:: Exercise inputs ::
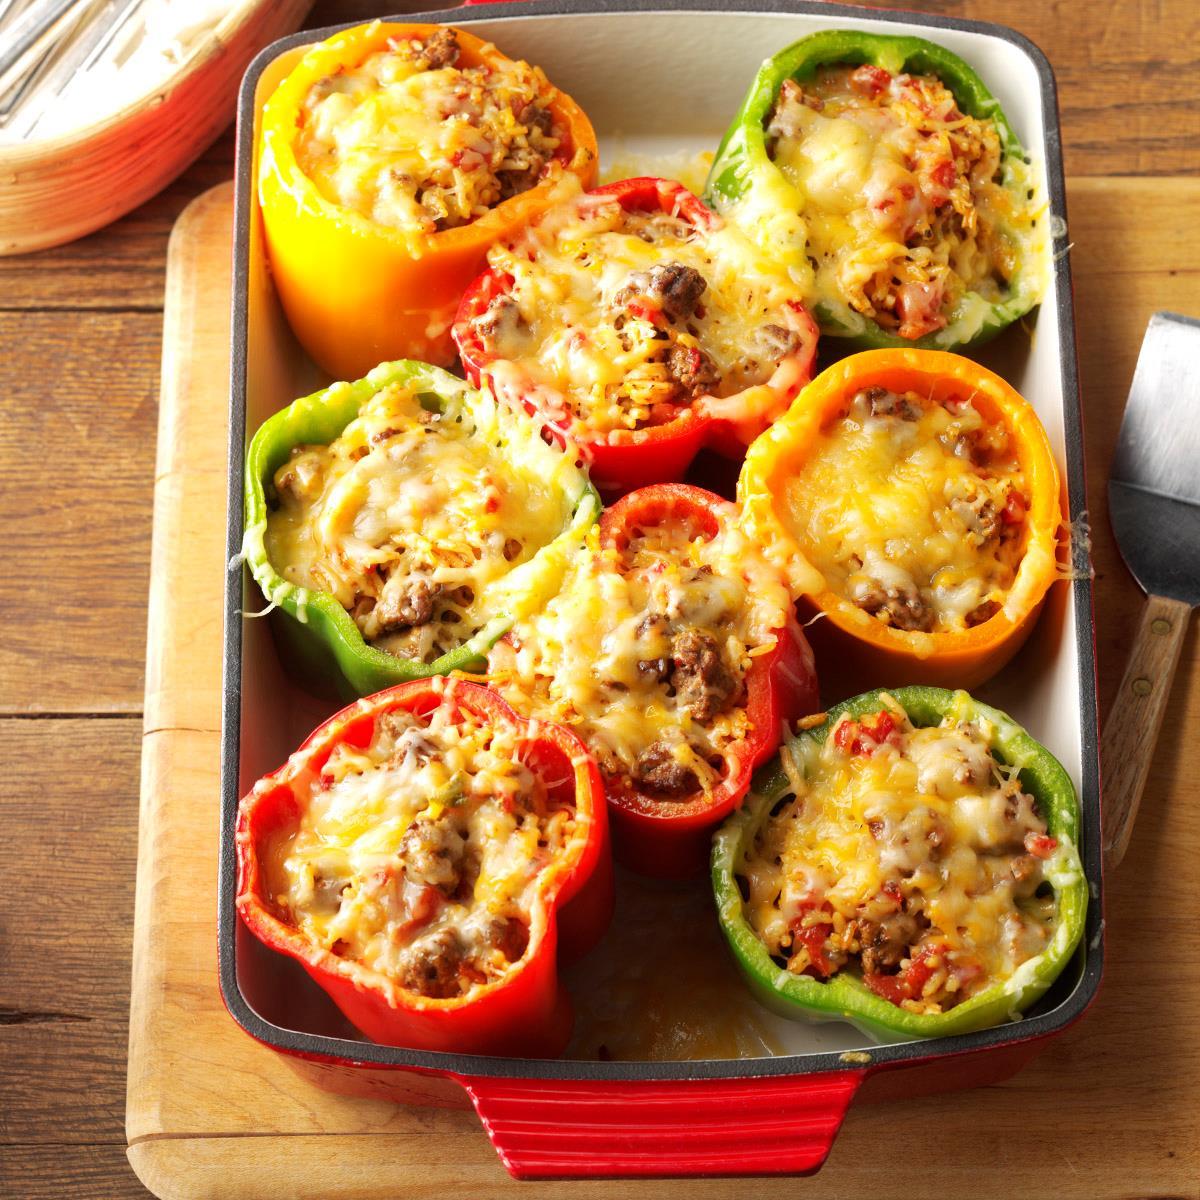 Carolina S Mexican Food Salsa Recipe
:::
:: Exercise inputs ::
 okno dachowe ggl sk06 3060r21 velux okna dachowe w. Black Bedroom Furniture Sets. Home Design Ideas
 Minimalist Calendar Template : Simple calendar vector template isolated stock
:::
:: Exercise inputs ::
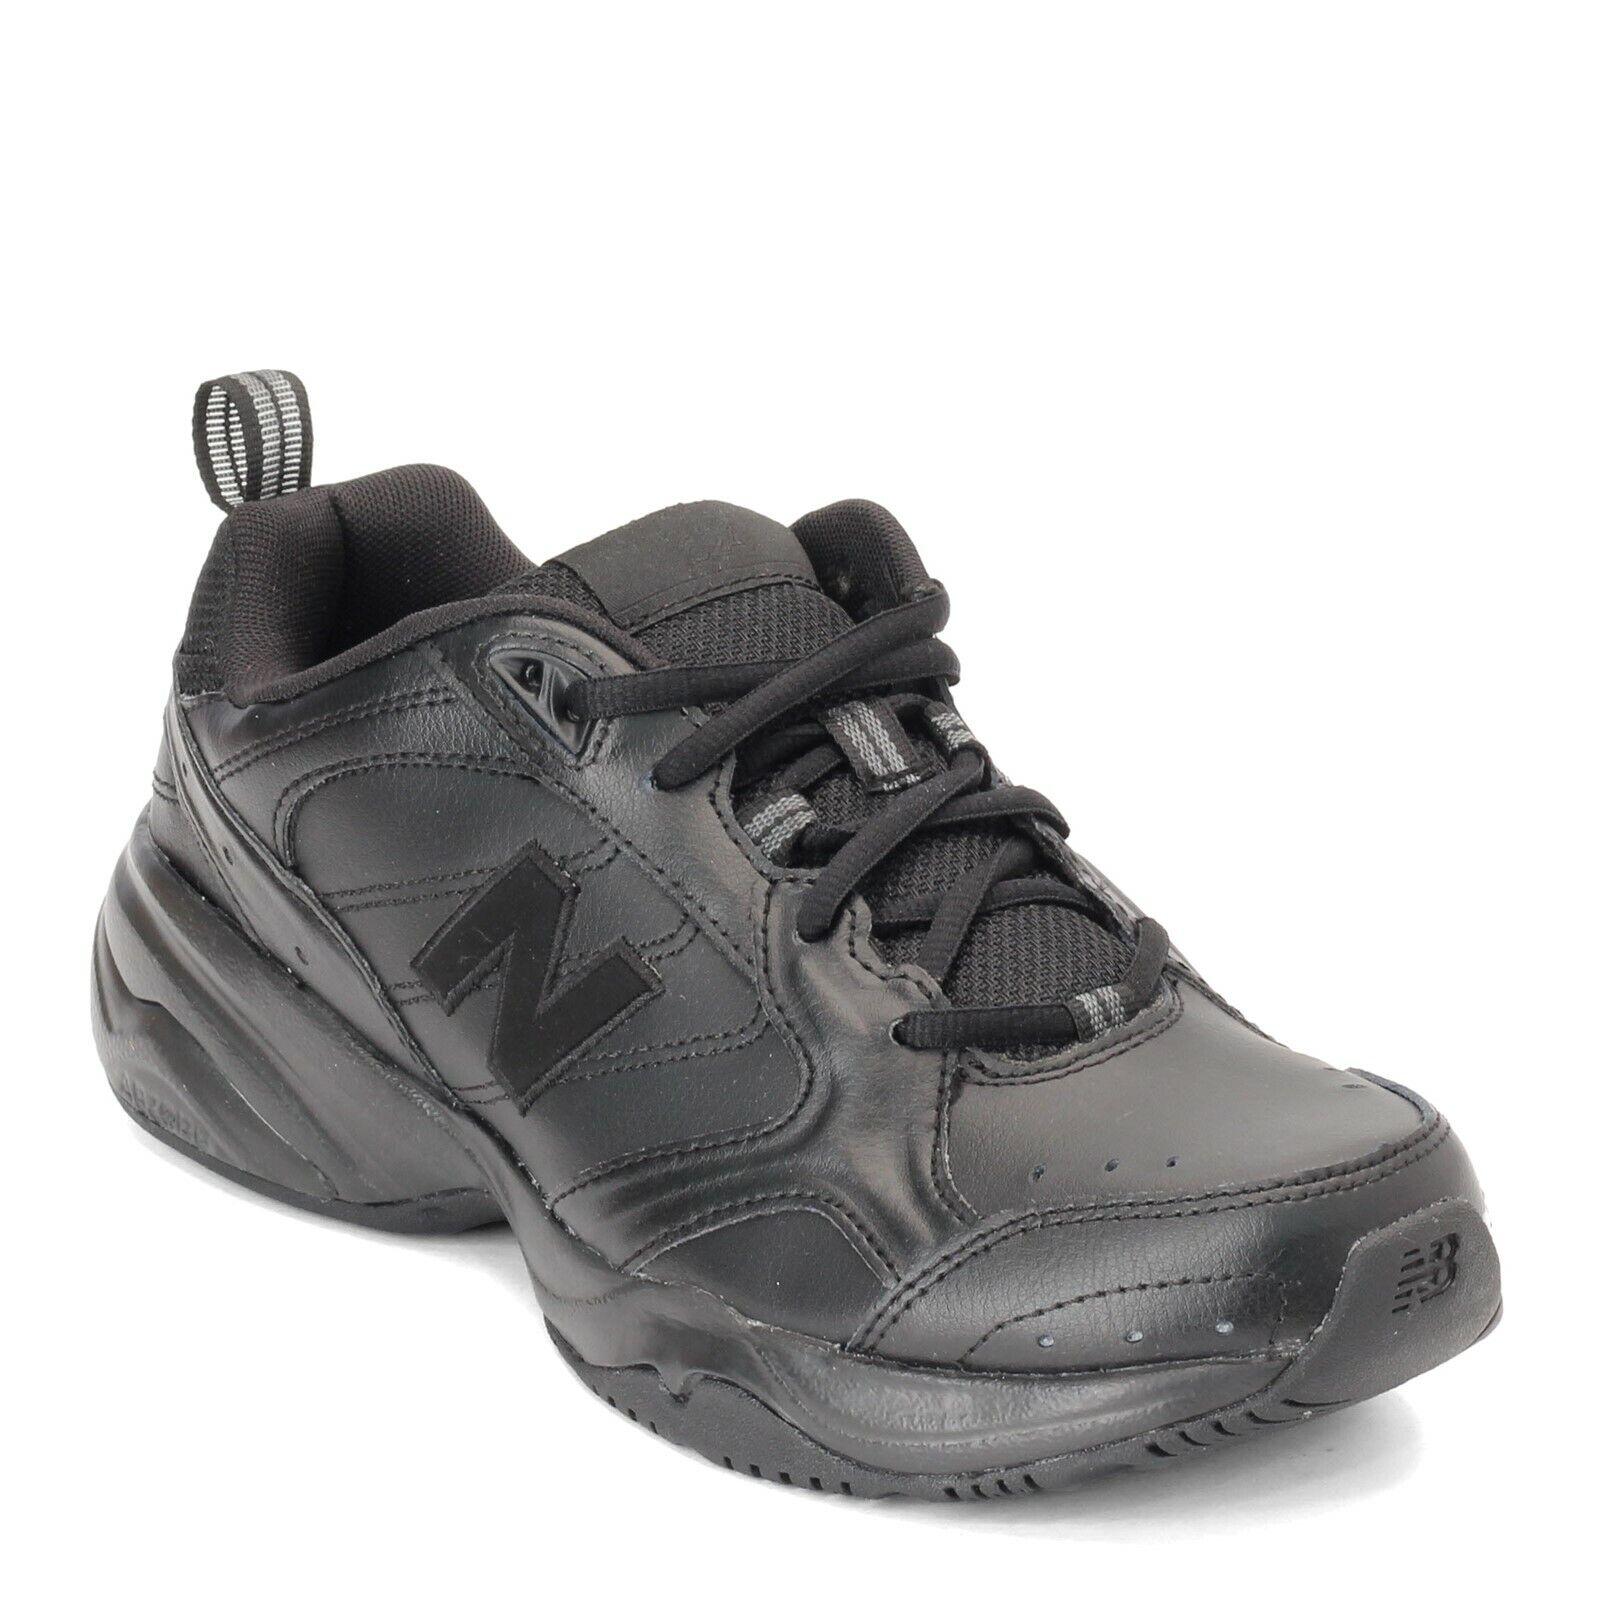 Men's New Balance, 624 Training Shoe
:::
• _Exercise requirements_
Only those lines of the entries above that run from the line containing "okno dachowe ggl" to the line containing "Minimalist Calendar Template", both included, should be transcribed exactly.

• _Your response_
 okno dachowe ggl sk06 3060r21 velux okna dachowe w. Black Bedroom Furniture Sets. Home Design Ideas
 Minimalist Calendar Template : Simple calendar vector template isolated stock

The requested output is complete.